Worse, I now have experienced seeing my daughter, my family and myself in the news. My Michelle was emblazoned on a Times Square electronic billboard for the world to see at a rally on Jan. 18, 2022. Our family holiday photo is in newspapers and on the television newscasts. Our lives have been changed forever.

I once thought that hatred and murder were maladies that affected only other people. Now my family are those other people. Murder has stained our family history.

If Michelle had died of Covid or cancer, my family and I would have still been overcome with grief. But we could possibly come to terms with, somehow understand and perhaps eventually accept that kind of loss.

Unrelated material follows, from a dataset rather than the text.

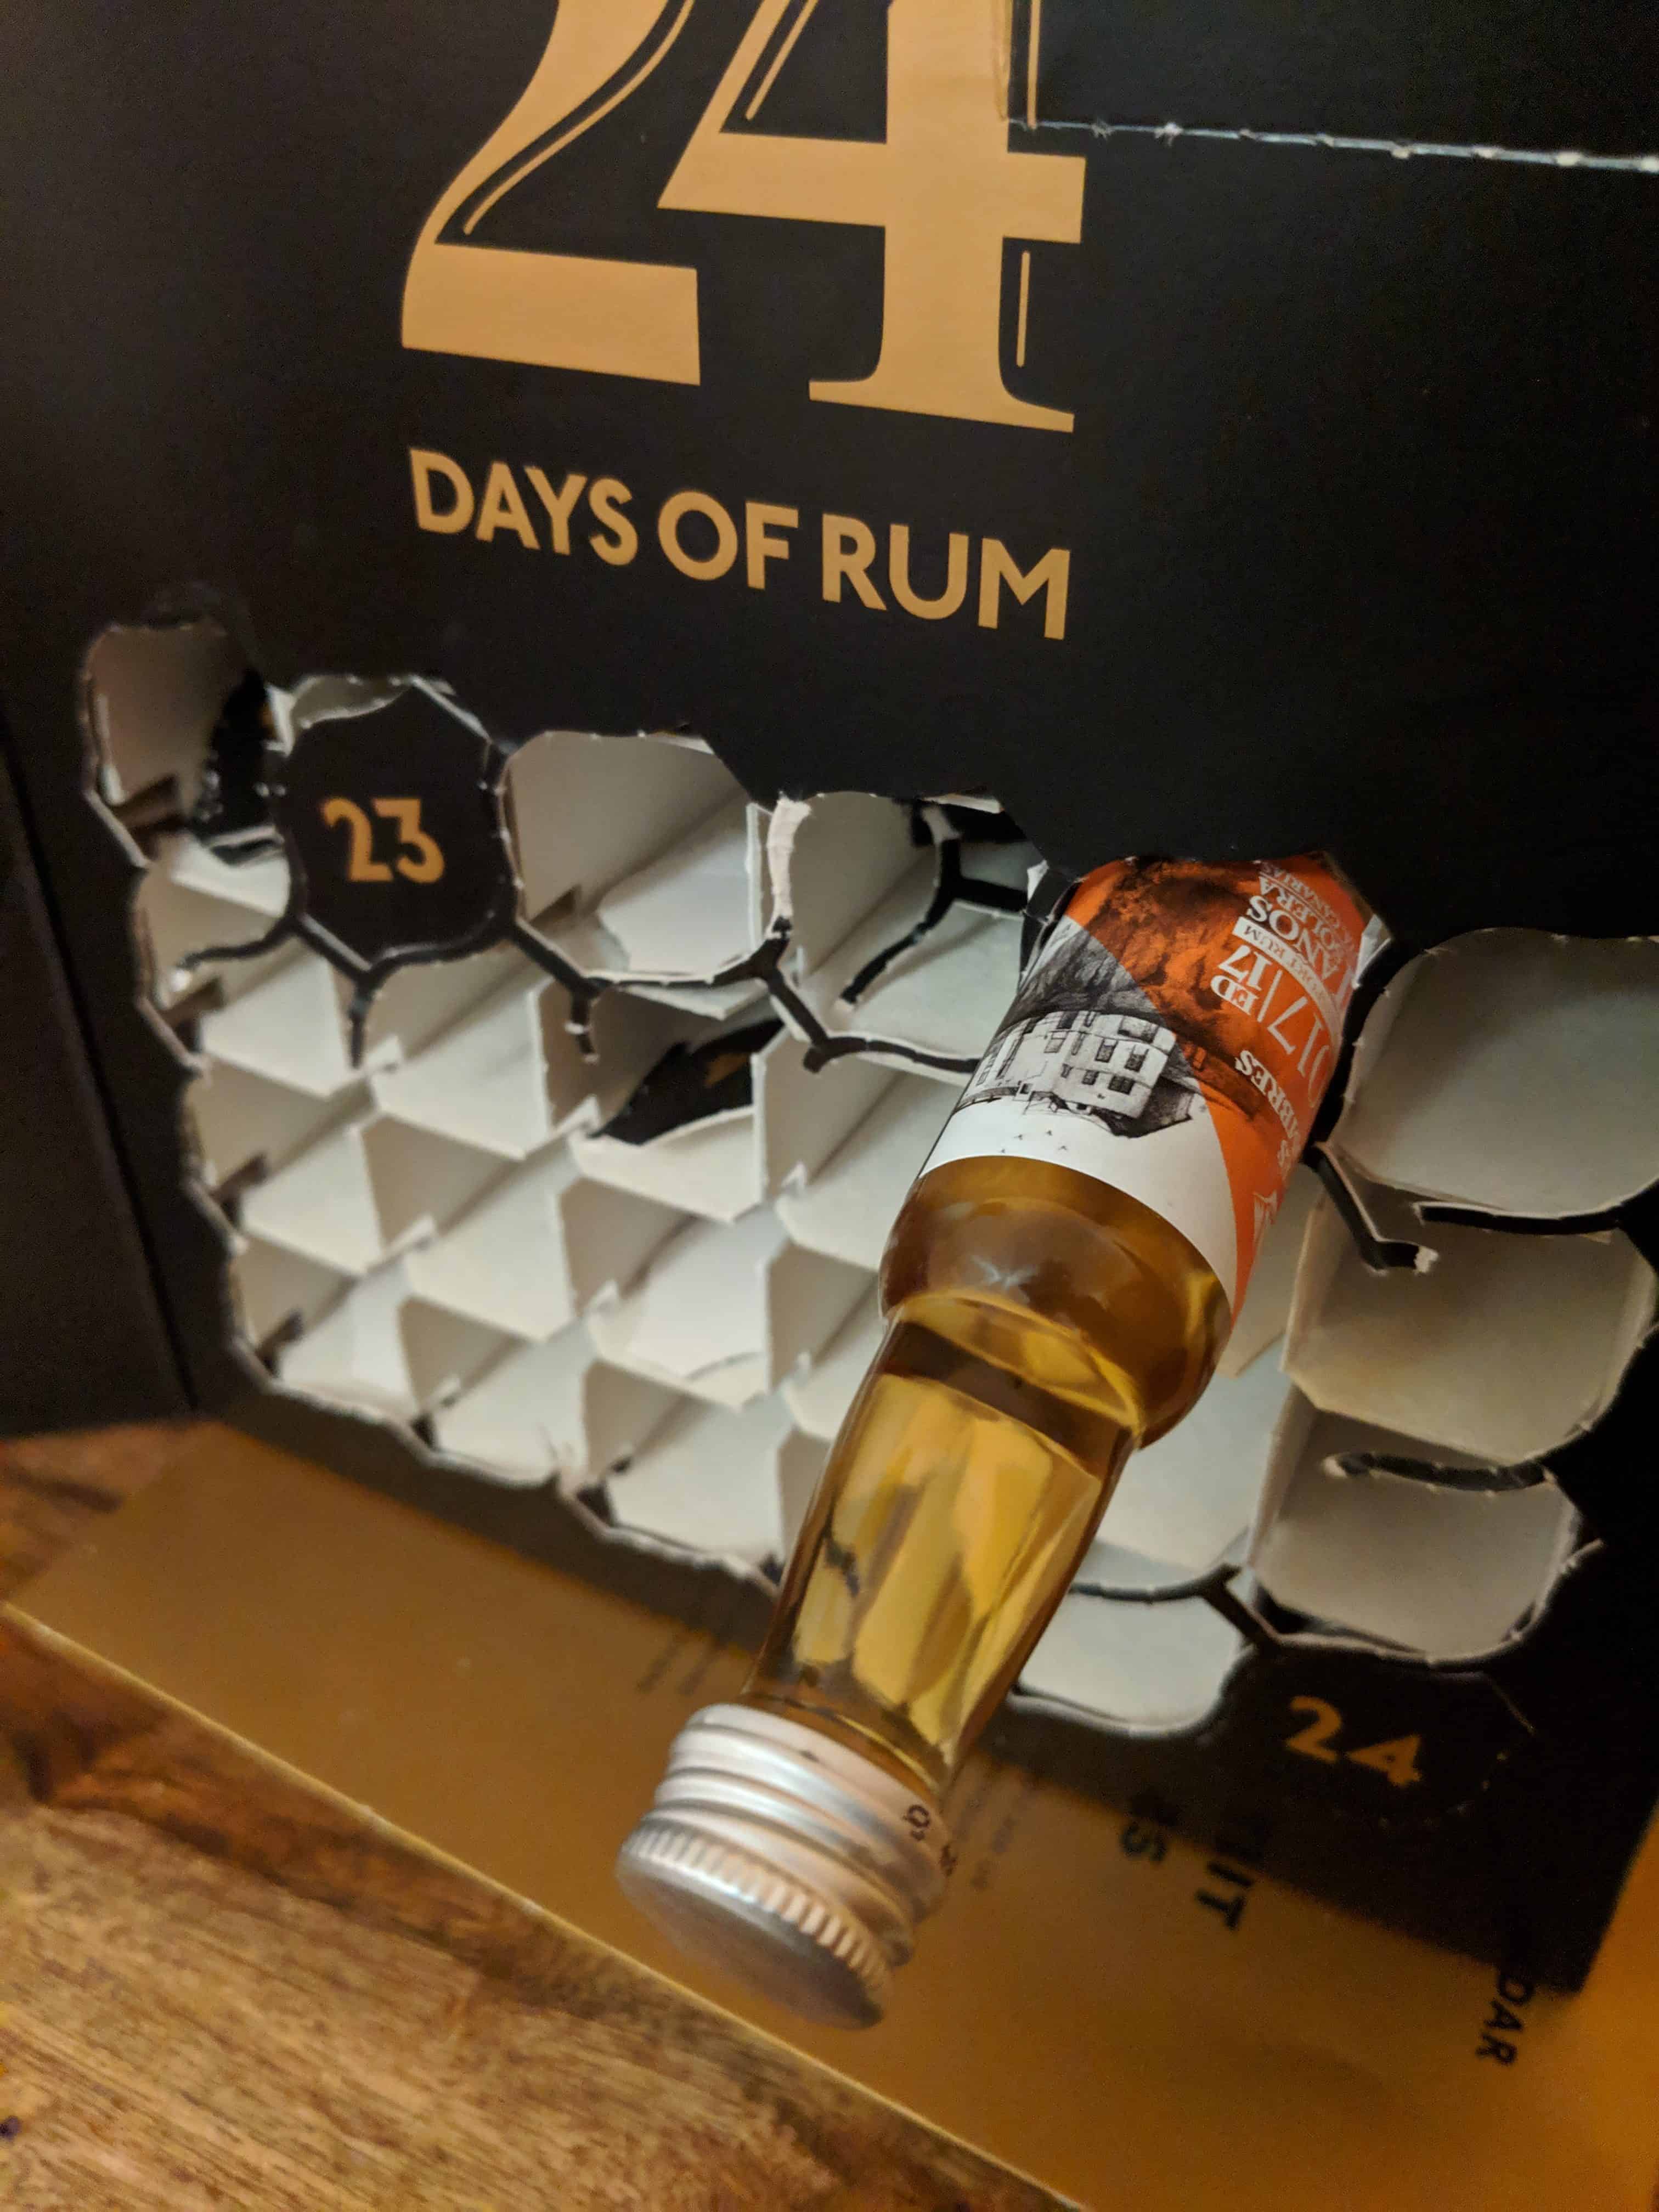 Tres Hombres La Palma VII Anos Ed. 17 – 22. rum rumového kalendáře 2018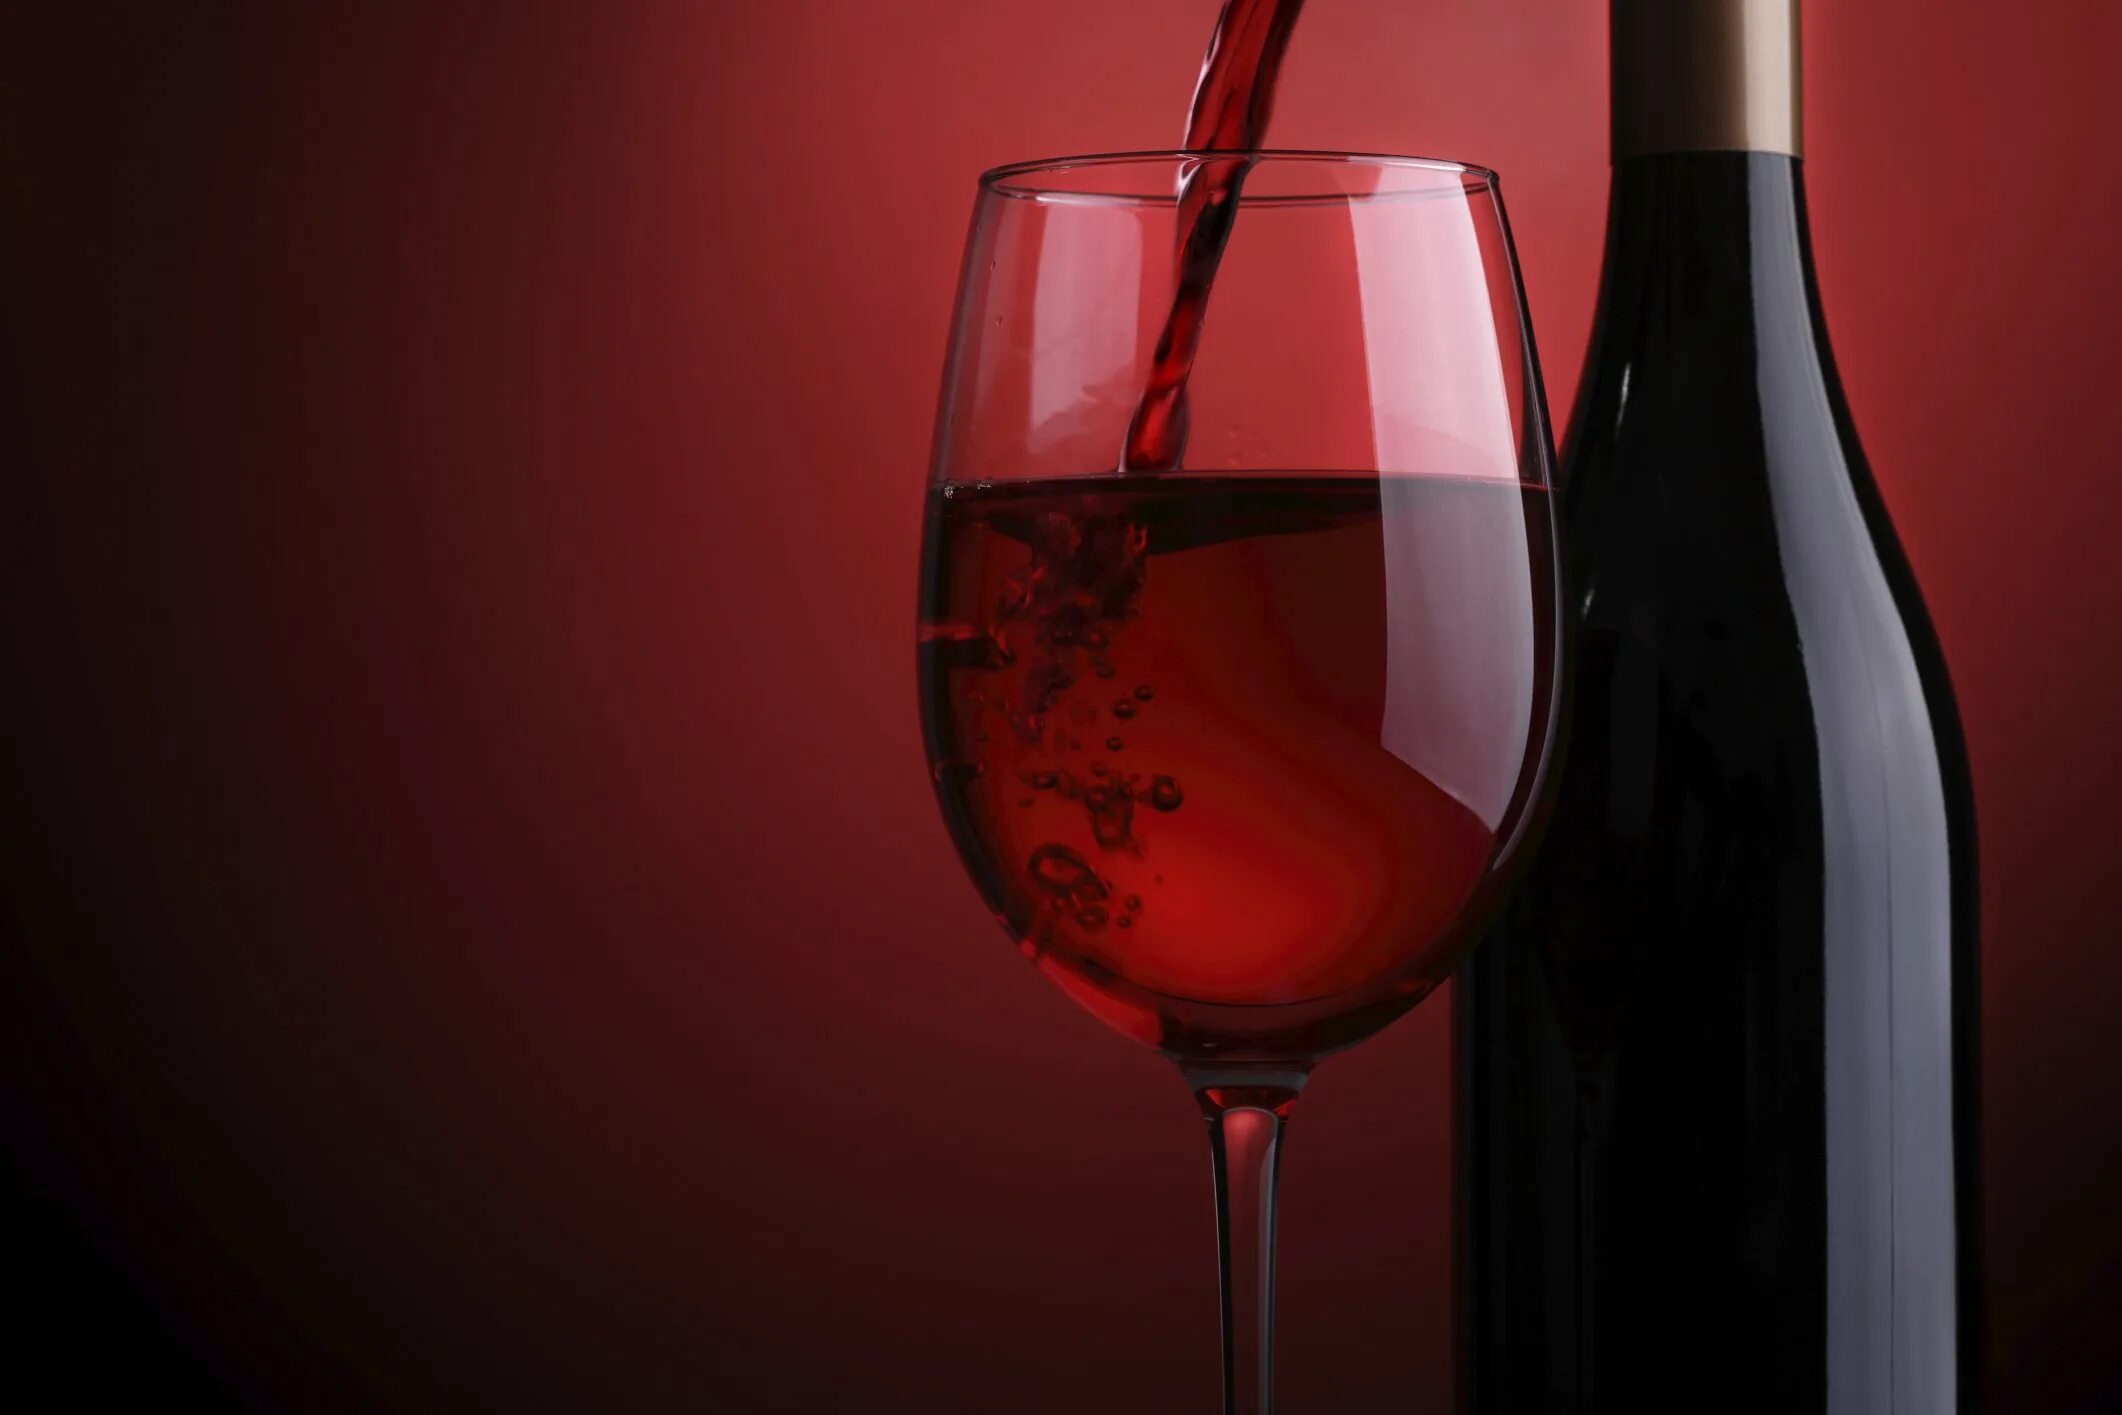 Картинку вине. Красное вино. Красивая бутылка вина. Бокал с вином.

But knowing that Michelle was murdered by being shoved in front of an oncoming train is unacceptable. That is not a fitting ending for a woman who shared the best of herself with others.

The millions of people in New York City may not agree on everything, but we can agree that New York City should be safe for those who call it home. Michelle did not live with fear of being attacked. She took the subway to work; she was not reckless about her surroundings. If Michelle were still here, she would urge us to come together to build a safer community. This is not about politics; this is about caring for each other and humanity.

We must take action to ensure that no family ever again loses a child to unprovoked violence, whether in New York City or elsewhere. We must try to balance the tensions between protecting the freedoms we cherish and upholding the responsibilities that we have as members of our communities and, indeed, our civilized society. Whatever freedoms we give to people, possessing such personal rights does not mean we can abandon people like Martial Simon to our subway systems. We cannot assume that emergency medical workers will be able to handle these neglected souls or that ordinary individuals will be able to deal with the threats posed.

Real change comes with meaningful preventive measures. This requires, among other things, adequate and continued funding for housing, treatment and other programs. We need to begin working on those solutions now, urgently, together as a community. We need to have true resolve and continued commitment so that we can honor the spirit of Michelle’s life.

Justin Go is the father of Michelle Alyssa Go and resides in California.